# Private Pond Slaying!!!



## Jason (Oct 2, 2007)

Me and Logan went up to a kin's private pond where we usually catch a fish or 2...Today we went and while unloading the truck I messed up and didn't bring my worm bag!!!! Luckily I had 1 on the pole I was using and 2 more used ones in my tackle box!!!! Logan has turned into a frog fisher fer some reason and brought nothing but frogs... Needless to say I caught 8 or 9 bass, none of them were anything to write home about but at least I was catching!!! A few of the bass were just a little bigger then the worm!!!:blink: June bug trick worms as usual, and then some kinda shad/mullet looking plastic did the work!!! I had tons of hook ups and several bass flew through the air and came off when setting the hook!!! It was all fun though!!!:thumbsup:

My internet at the house is jacked up so I'll have to post the pics on the next post through taptalk or forum runner!!!!:001_huh:


----------



## Jason (Oct 2, 2007)




----------



## Jason (Oct 2, 2007)

OK, forum runner won't work right! TapTalk can't post pics! Photobucket is crapped out right now.....so I can't do anymore pics!!!! Only had 1 bass that was a 1 lb'r!!! All the others were babies!!!


----------



## redfishreaper (Apr 23, 2012)

man i have had fish tank fish bigger than those . but in all serouseness looks like fun to me!


----------



## jim t (Sep 30, 2007)

Big baits, little fish... gotta love those aggressive bass.

In a private pond, sometimes it's a biggun', mostly not.

But still fun.

Jim


----------



## Katartizo (Dec 10, 2013)

I don't know Jason, I'm thinking I would still have to say I hadn't caught anything! LOL looks like fun anyway.
Joe


----------



## drifterfisher (Oct 9, 2009)

Say you was bait fishin'? Looks like fun.


----------



## 192 (Oct 1, 2007)

Much better choice of shirts bro! Glad y'all had a nice afternoon at it.


----------



## Jason (Oct 2, 2007)

grouper22 said:


> Much better choice of shirts bro! Glad y'all had a nice afternoon at it.




:blink::blink::blink: That's it Mike!!!! That's why nothing but babies!!!! Ifin I would have wore 1 of my shirts, 10+lbr's would have been caught!!! hahaha:yes: I told Logan we needed to catch some bream to take up there and chunk out as bait! When he was younger, we did that and he and his bigger bro caught a couple studs 6+lbr's and he even made it into that local fishing mag!!! Probably do that later this week!!!


----------



## Try'n Hard (Oct 23, 2008)

Looks like fun!! I got big weekend fishing plans if everything holds together. Hope I have that much fun!!

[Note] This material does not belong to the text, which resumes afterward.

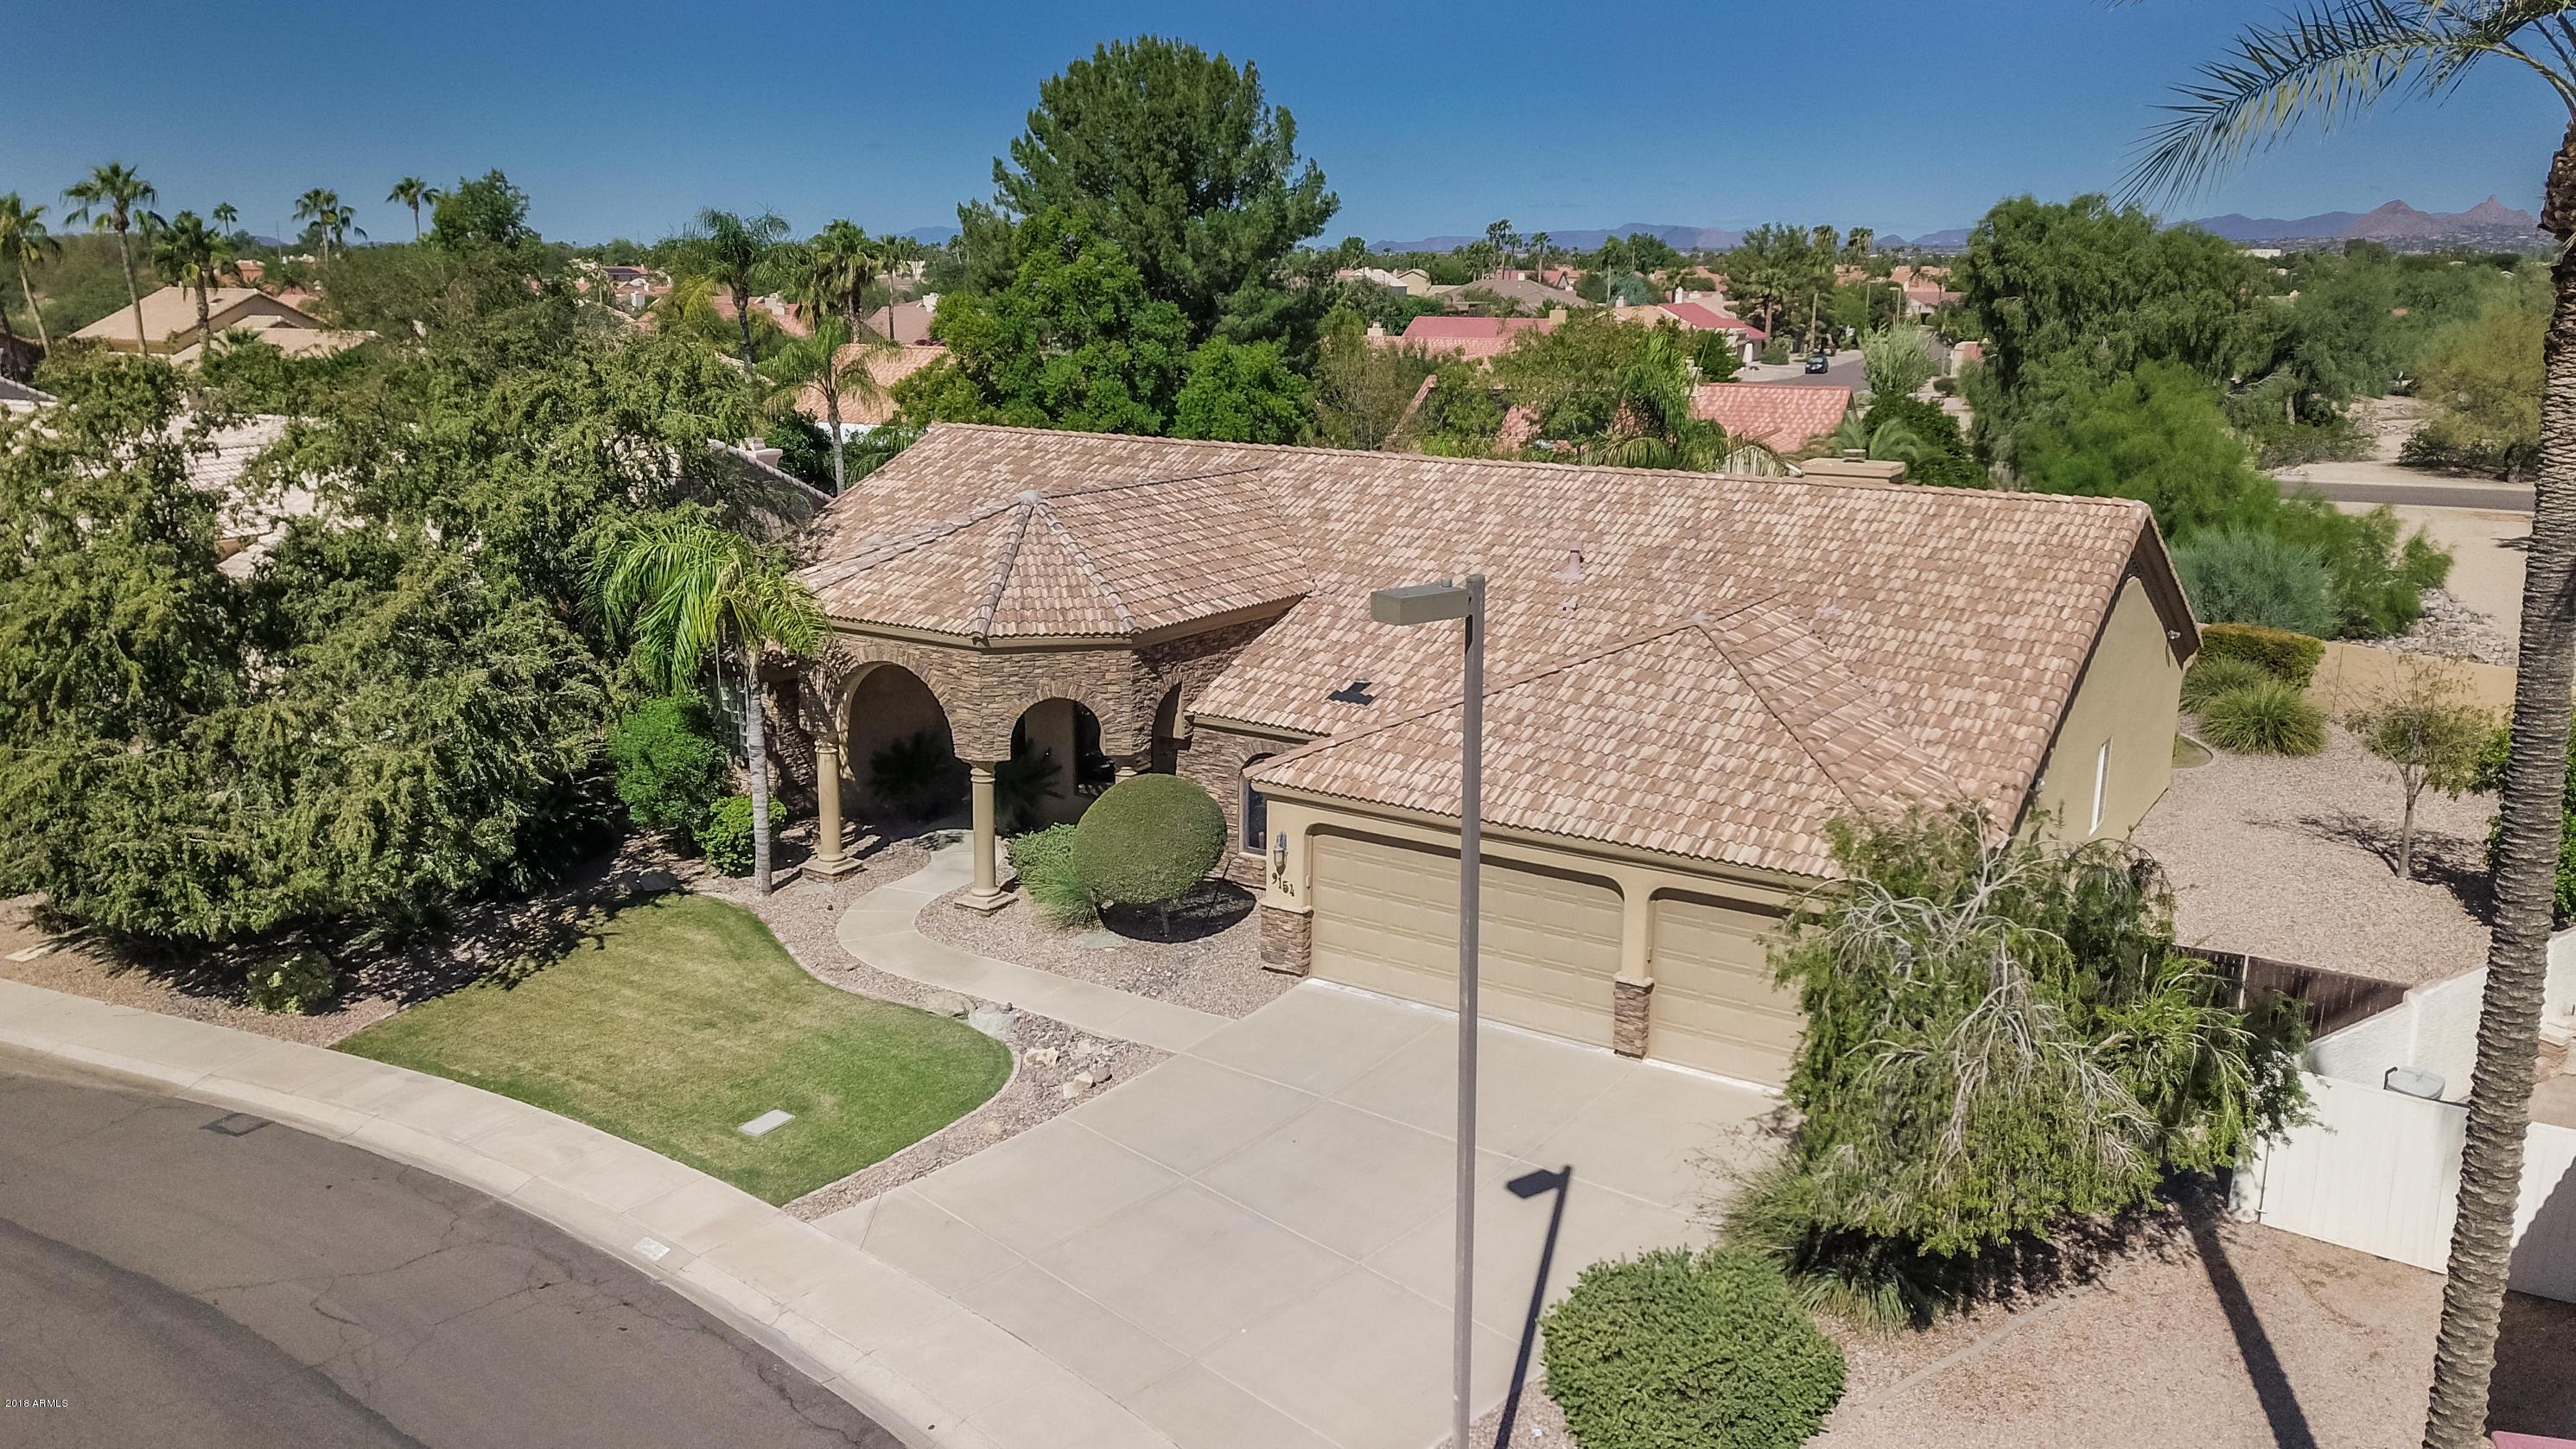 MLS 5836148 9154 E CHARTER OAK Drive, Scottsdale, AZ 85260 Scottsdale AZ Scottsdale Mountain

Sent from my iPhone using Forum Runner


----------



## Trble Make-rr (Sep 30, 2007)

Next time you're down here, give me a call. I got a big freshwater tackle box that I don't use.


----------



## Fielro (Jun 4, 2012)

Anytime you can stretch a line is good....


----------



## Jason (Oct 2, 2007)

Trble Make-rr said:


> Next time you're down here, give me a call. I got a big freshwater tackle box that I don't use.



You got it Danny.....off weekdays now so ifin you plan a trip out let me know!!!:thumbsup:


----------